WHAT THIS TASK INVOLVES: Please repeat the entire listing verbatim and keep the pictures out.

DATA SHOWN:
[Start of Attachment]
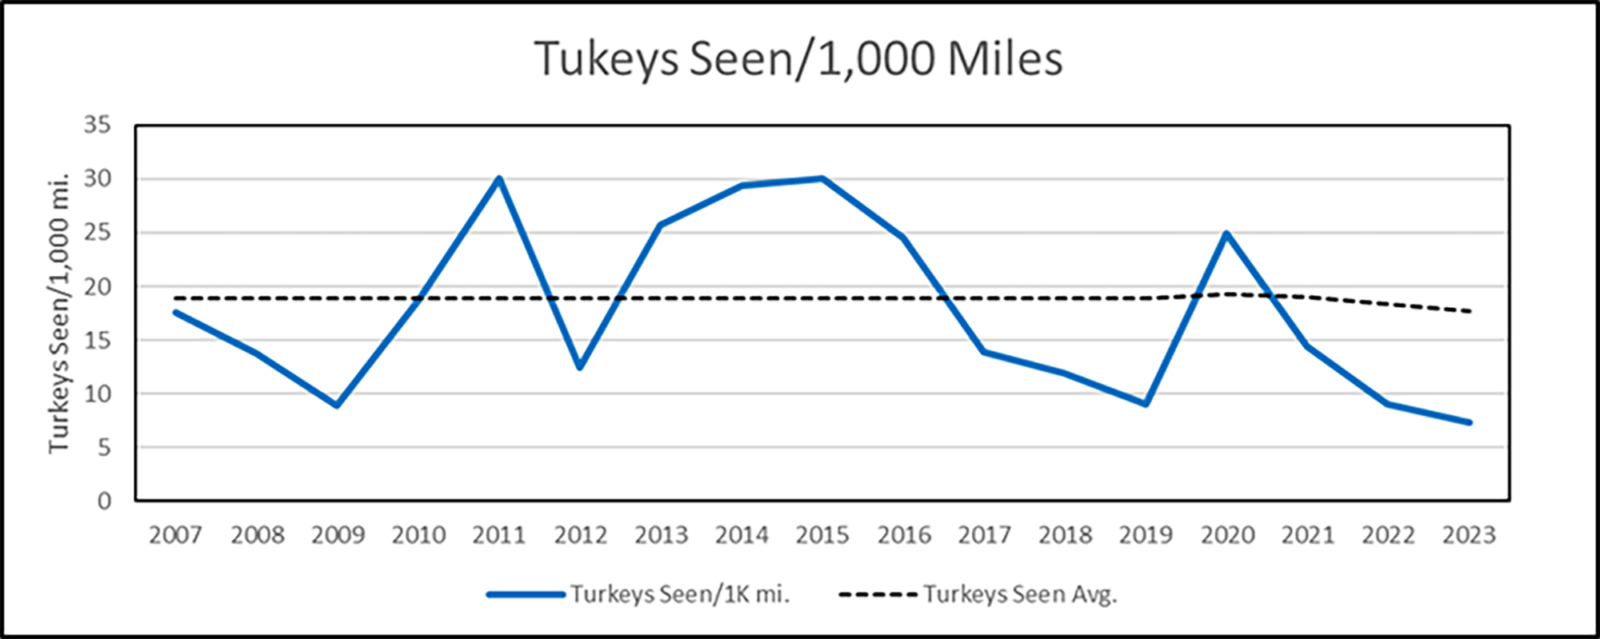 A graph showing the number of turkeys seen per 1,000 miles driven, which peaks in 2014 and 2015, then declines to lows in 2019 and 2023.
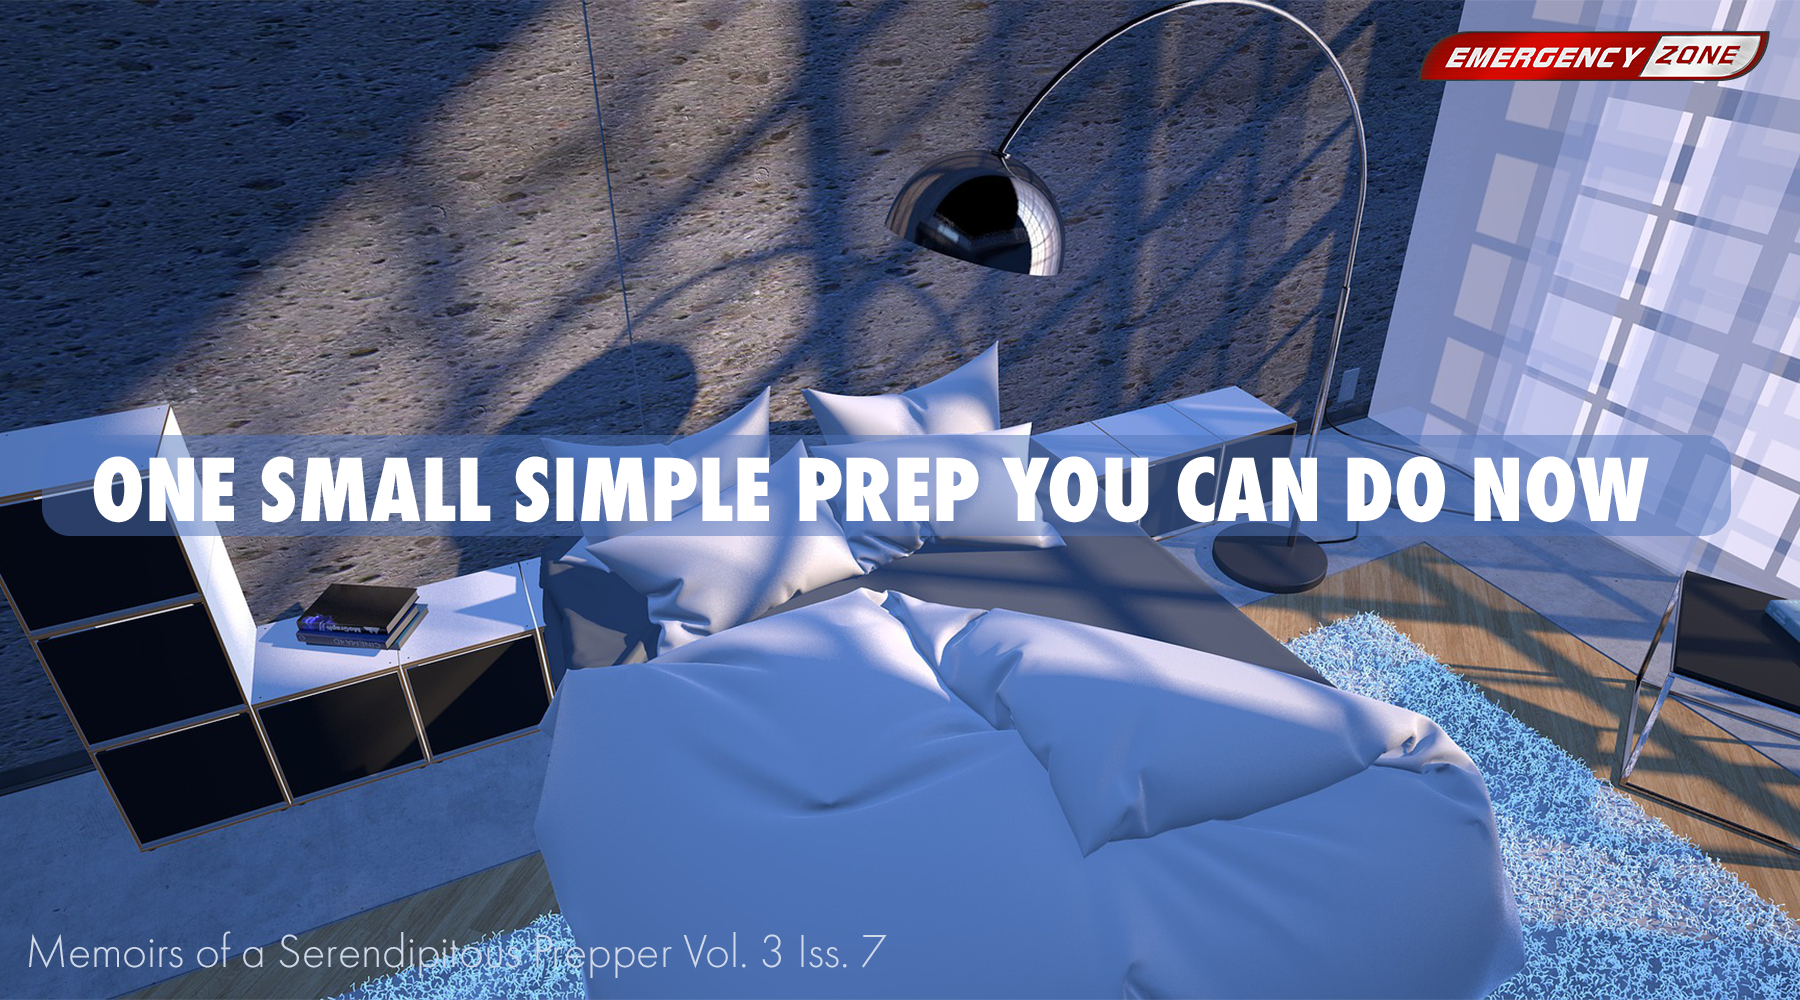 One Small Prep You Can Do Now
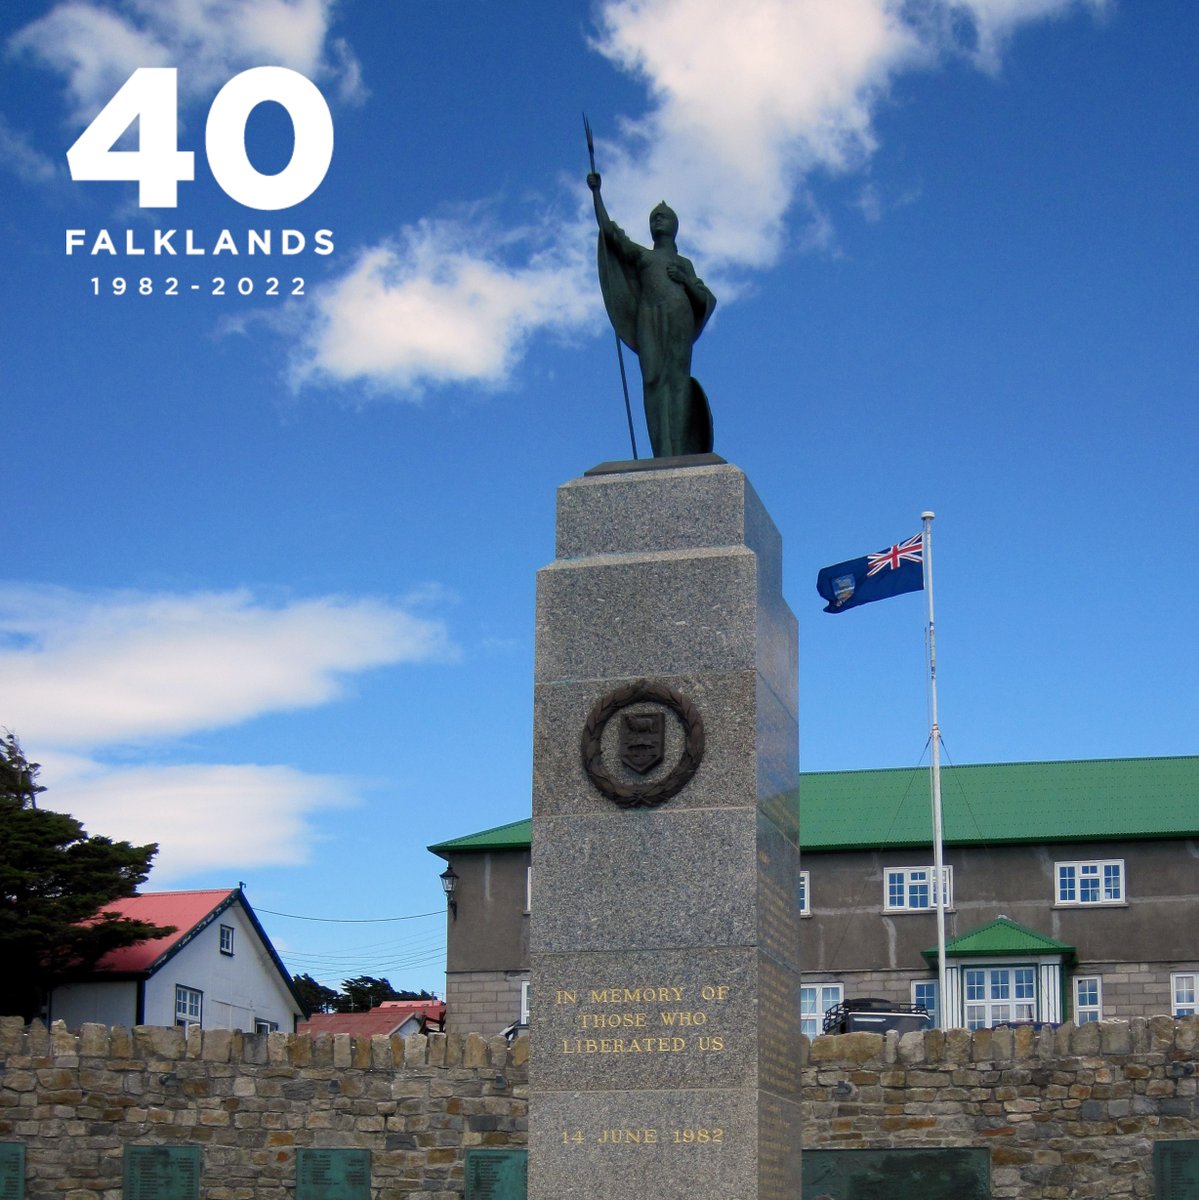 As we mark #RemembranceDay2022, we remember the Falklands Conflict that took place 40 years ago and the lives of those 255 British personnel and 3 civilians lost. Our thoughts today are also with those still living with the memories and scars of the conflict. #LestWeForget
[End of Attachment]
COMPLETED TASK:
 A graph showing the number of turkeys seen per 1,000 miles driven, which peaks in 2014 and 2015, then declines to lows in 2019 and 2023.
 One Small Prep You Can Do Now
 As we mark #RemembranceDay2022, we remember the Falklands Conflict that took place 40 years ago and the lives of those 255 British personnel and 3 civilians lost. Our thoughts today are also with those still living with the memories and scars of the conflict. #LestWeForget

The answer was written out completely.